M/s. Shriram Properties Pvt. Ltd., the assessee, is in the business of property development. While making the assessment for the AY 2013-14, the AO treated the Revenue expenditure claimed at Rs.25,10,253/- , paid as Brand License Fee to Shriram ownership Trust for use of its logo, as a capital expenditure incurred for acquiring an intangible asset and hence allowed 25% of depreciation on such claim and disallowed the balance of Rs.18,82,690/-. Further, he has disallowed Rs.10,69,163/-, the employees contribution to PF & ESI under section .2(24)(x) , on the ground that this amount has not been paid before the due date in the respective statutes. The AO has also disallowed Rs.13,57,61,019/- u/s.14A r.w.Rule 8D under normal computation. While computing the book profit u/s.115JB, the AO added the sum disallowed u/s.14A r.w.Rule 8D under the normal computation, in terms of Explanation 1(f) to Sec.115JB. Aggrieved, the assessee filed an appeal before the Ld.CIT(A).

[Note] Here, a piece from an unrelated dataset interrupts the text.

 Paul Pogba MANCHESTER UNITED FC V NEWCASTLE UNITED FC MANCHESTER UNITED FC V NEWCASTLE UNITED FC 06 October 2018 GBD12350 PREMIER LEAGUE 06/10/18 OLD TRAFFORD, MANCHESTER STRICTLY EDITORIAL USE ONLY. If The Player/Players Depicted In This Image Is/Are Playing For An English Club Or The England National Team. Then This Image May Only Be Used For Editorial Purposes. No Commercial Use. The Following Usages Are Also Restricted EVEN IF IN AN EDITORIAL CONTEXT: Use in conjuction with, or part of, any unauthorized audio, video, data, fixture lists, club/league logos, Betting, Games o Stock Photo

On the issue of disallowance of Brand License Fee, the Ld.CIT(A) relying on this Tribunal decision in the case of M/s.Shriram City Union Finance Ltd., vide orders in & 869/Mds/2015 dated 29.01.2016 for the AYs 2010-11 & 2011-12, directed the AO to treat the royalty as a Revenue expenditure and thus, allowed the assessee’s appeal on this issue.

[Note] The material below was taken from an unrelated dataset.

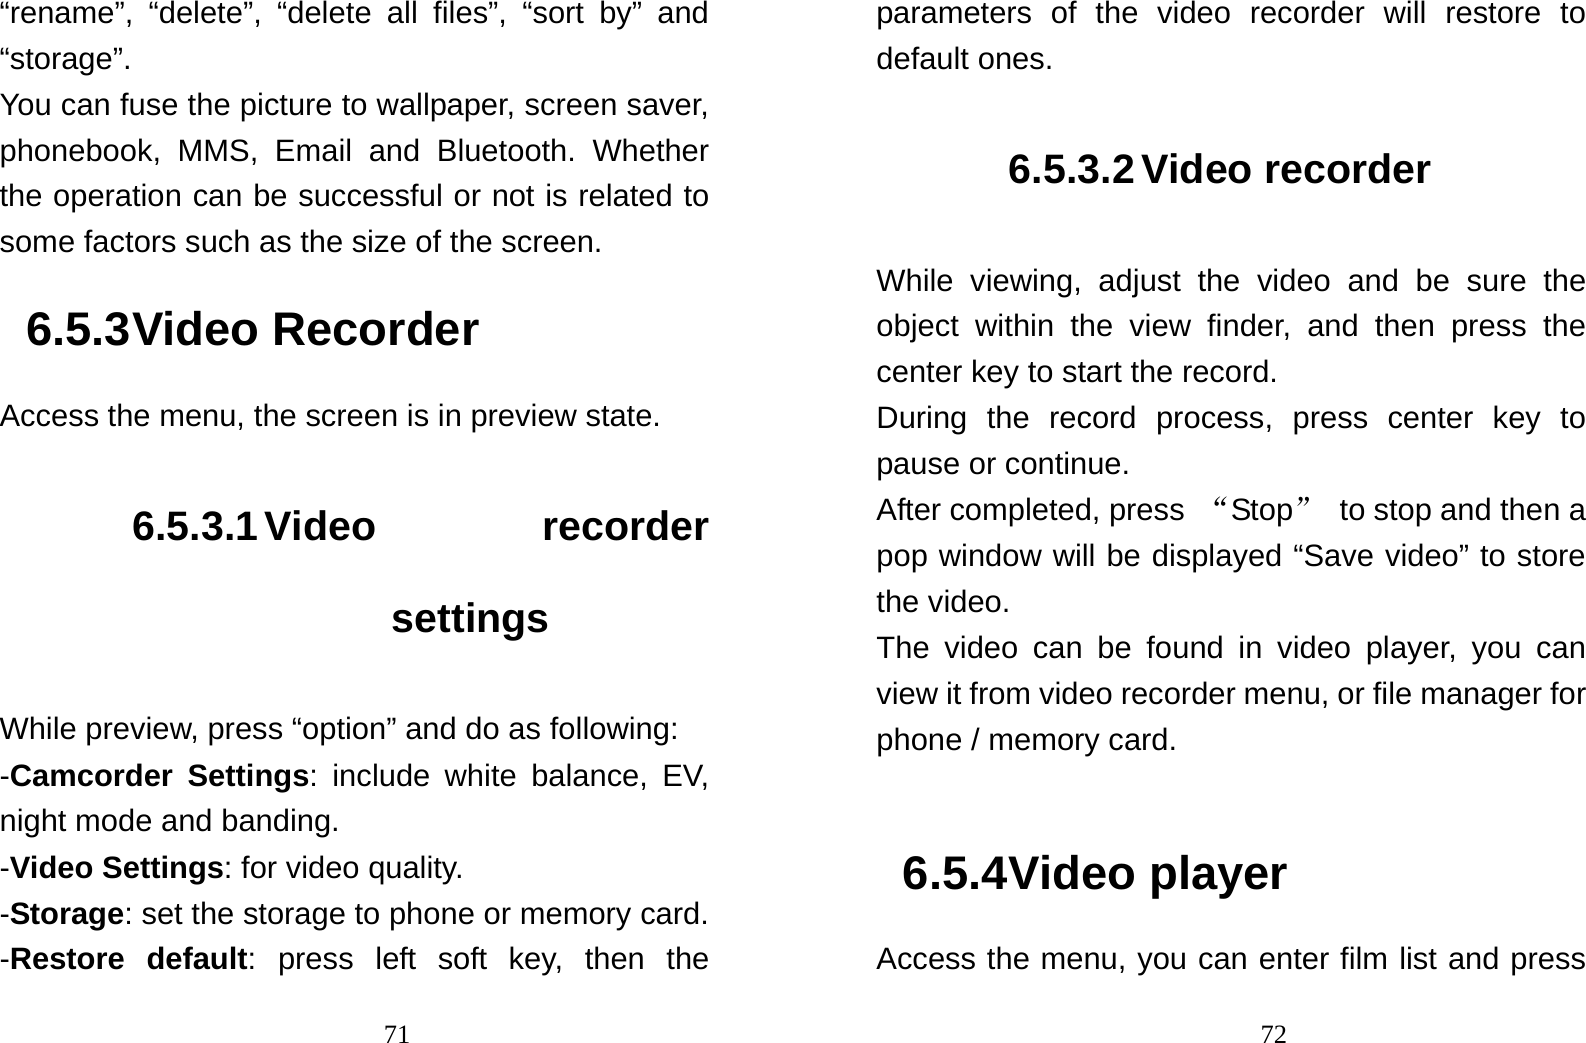                                71“rename”, “delete”, “delete all files”, “sort by” and “storage”. You can fuse the picture to wallpaper, screen saver, phonebook, MMS, Email and Bluetooth. Whether the operation can be successful or not is related to some factors such as the size of the screen. 6.5.3 Video Recorder Access the menu, the screen is in preview state. 6.5.3.1 Video  recorder settings While preview, press “option” and do as following: -Camcorder Settings: include white balance, EV, night mode and banding. -Video Settings: for video quality.  -Storage: set the storage to phone or memory card. -Restore default: press left soft key, then the                                72parameters of the video recorder will restore to default ones. 6.5.3.2 Video recorder While viewing, adjust the video and be sure the object within the view finder, and then press the center key to start the record. During the record process, press center key to pause or continue. After completed, press  “Stop” to stop and then a pop window will be displayed “Save video” to store the video.   The video can be found in video player, you can view it from video recorder menu, or file manager for phone / memory card.  6.5.4 Video player Access the menu, you can enter film list and press

On the issue of disallowance of the employee’s contribution to PF & ESI, relying on the decision of the Hon’ble Jurisdictional High Court in the case of M/s. Industrial Security & Intelligence India Pvt. Ltd. in Tax Case (Appeal)

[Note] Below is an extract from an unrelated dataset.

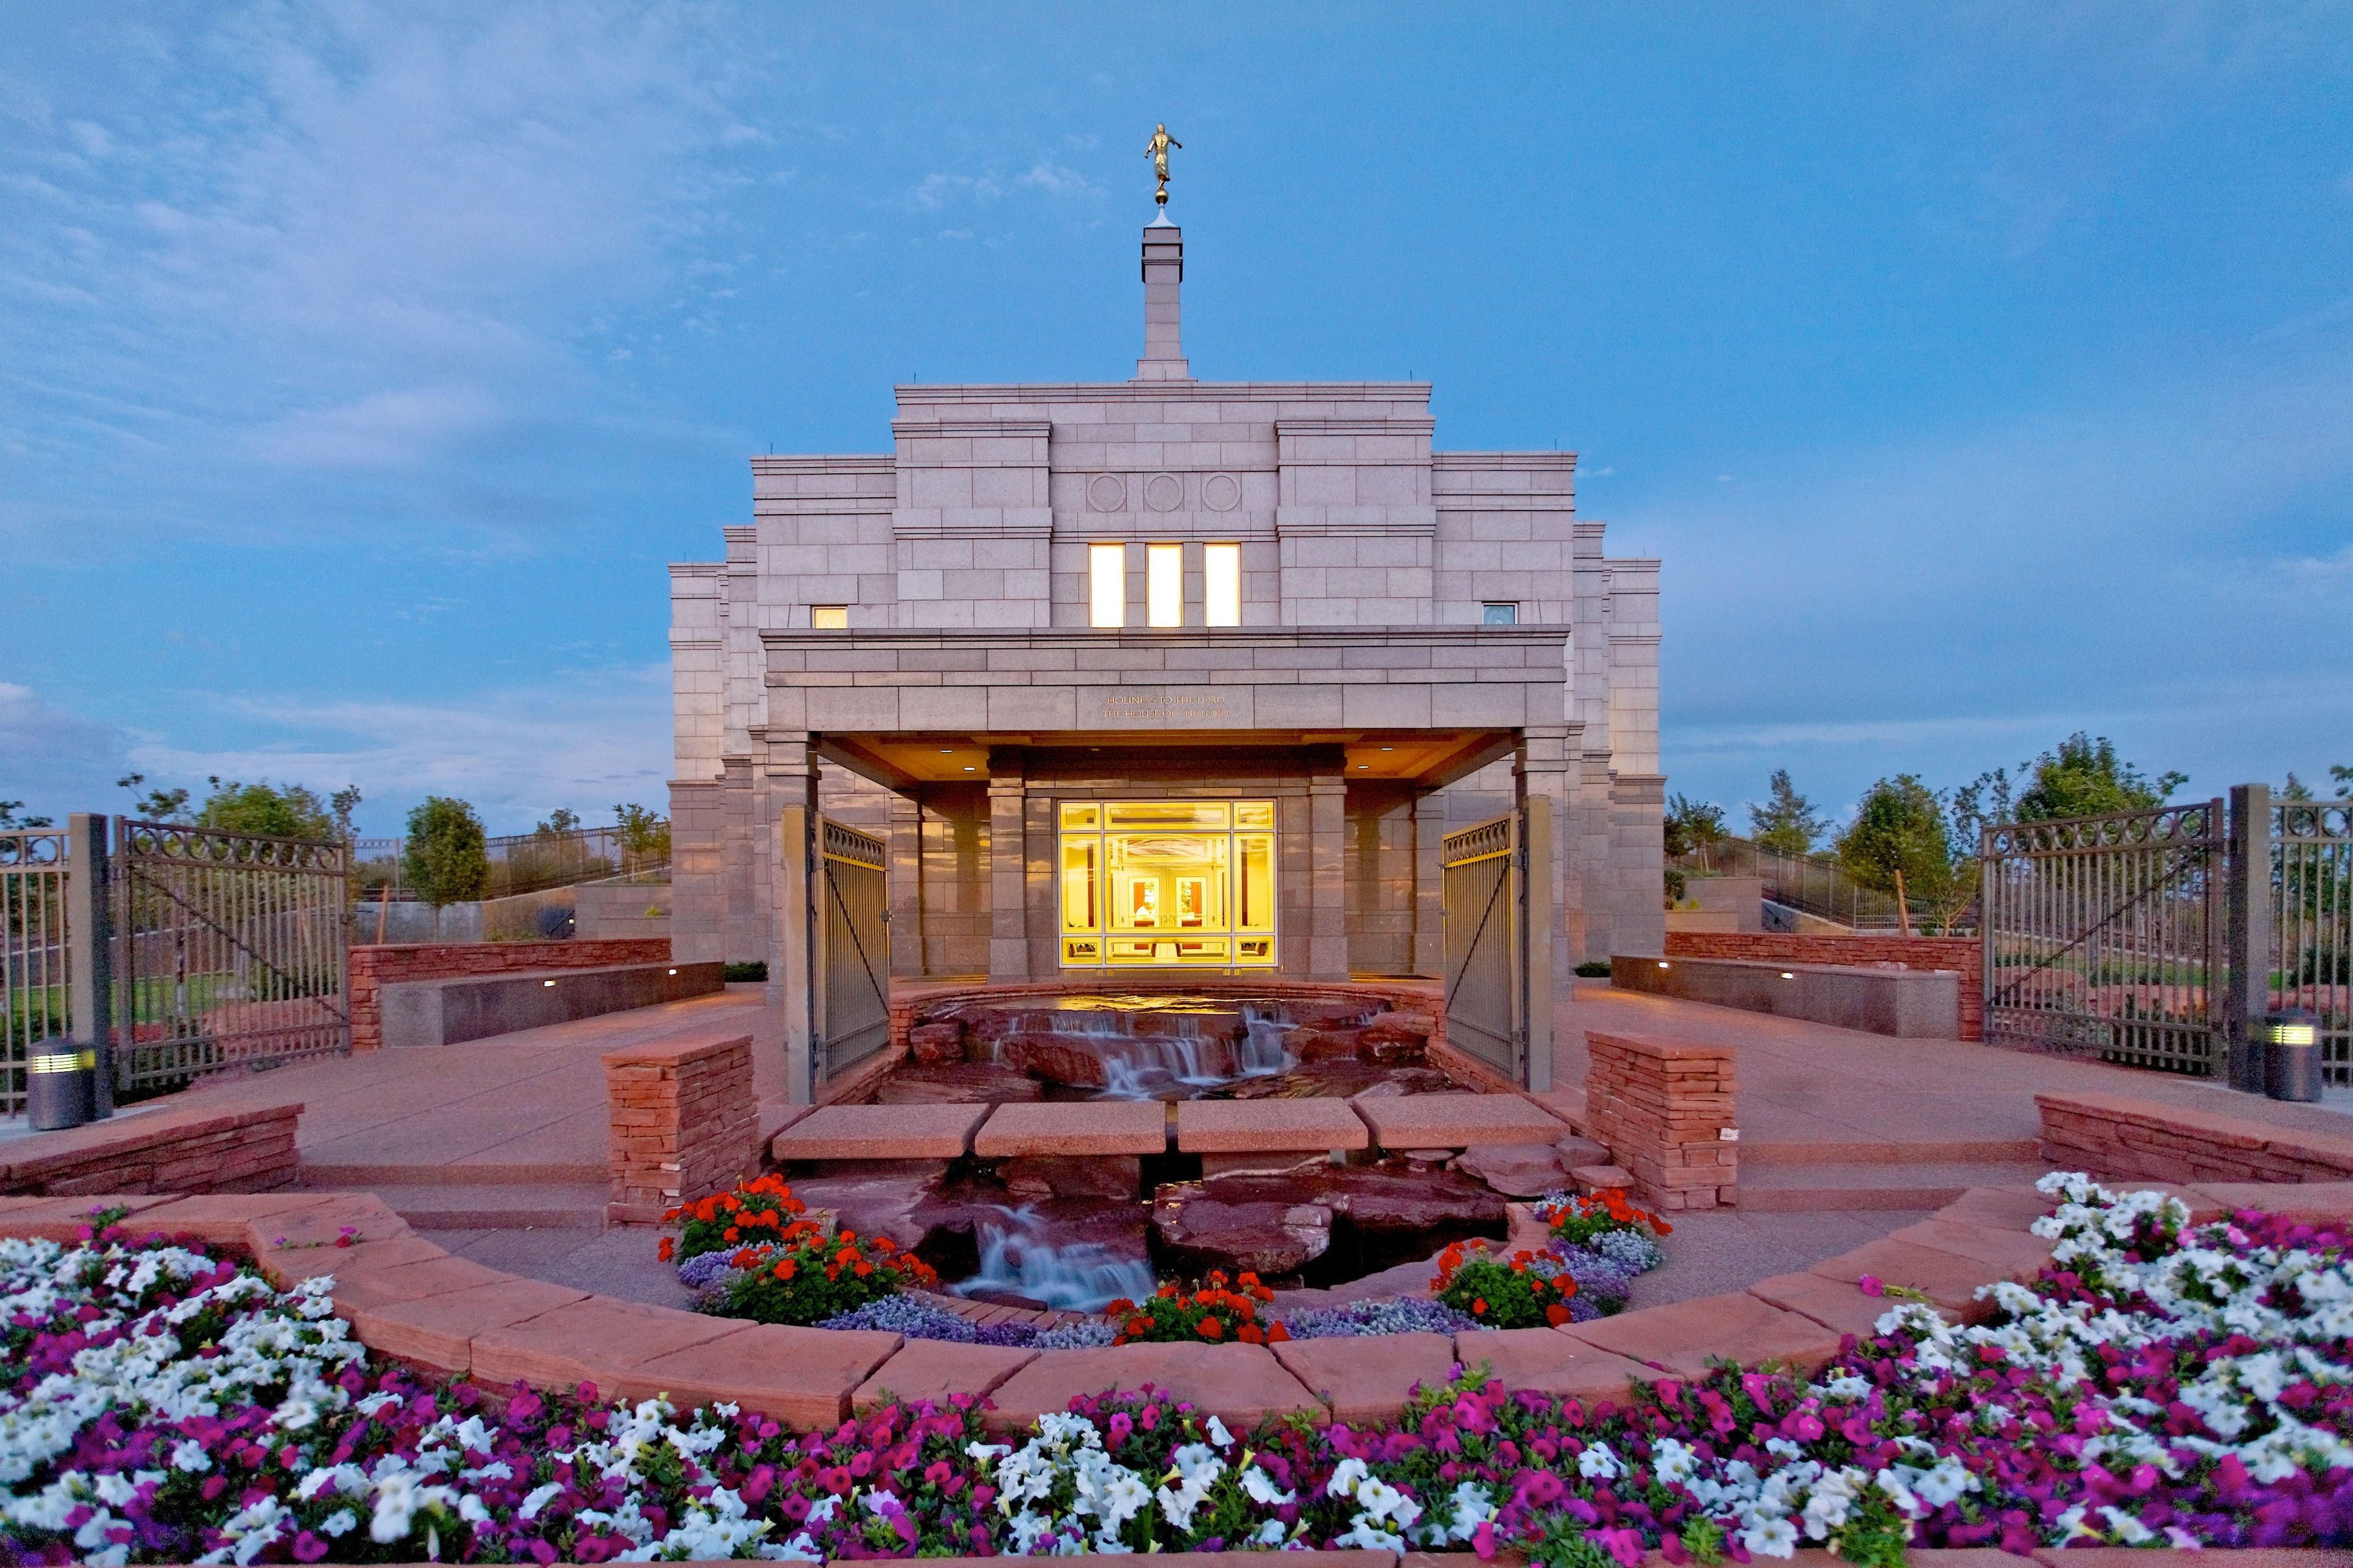 The Snowflake Arizona Temple, including the entrance and flowers, in the evening.

Nos.585 & 586 of 2015 & M.P.No.1 of 2015 dated 24.07.2015 , the CIT(A) held that if the assessee has deposited the employee’s contribution towards PF & ESI after due date as prescribed under the relevant Act but before the due date of filing the return under the Income Tax Act,1961, no disallowance could be made and hence he directed the AO to delete the addition after verification. In respect of disallowance made u/s.14A r/w Rule 8D, the Ld.CIT(A) held that although the disallowance made u/s.14A r/w Rule 8D could be legally held as tenable in view of the decision of the Hon’ble Bombay High Court in the case of M/s.Godrej & Boyce. Mfg. Co. Ltd., Vs. CIT reported in 328 ITR 81, yet, relying on the decision of the Delhi High Court in the case of M/s.Joint Investments Pvt. Ltd., directed the AO to delete the addition as the assessee has not received any dividend in this assessment year. In respect of the addition made u/s115JB, the Ld.CIT(A) relying on the decision of this tribunal in the case of M/s.Shriram Capital Ltd., in & 513/Mds/2015 dated 26.06.2015 for the AYs 2010-11 & 2011-12, has deleted the addition. Aggrieved, against the order of the Ld.CIT(A), the Revenue filed this appeal.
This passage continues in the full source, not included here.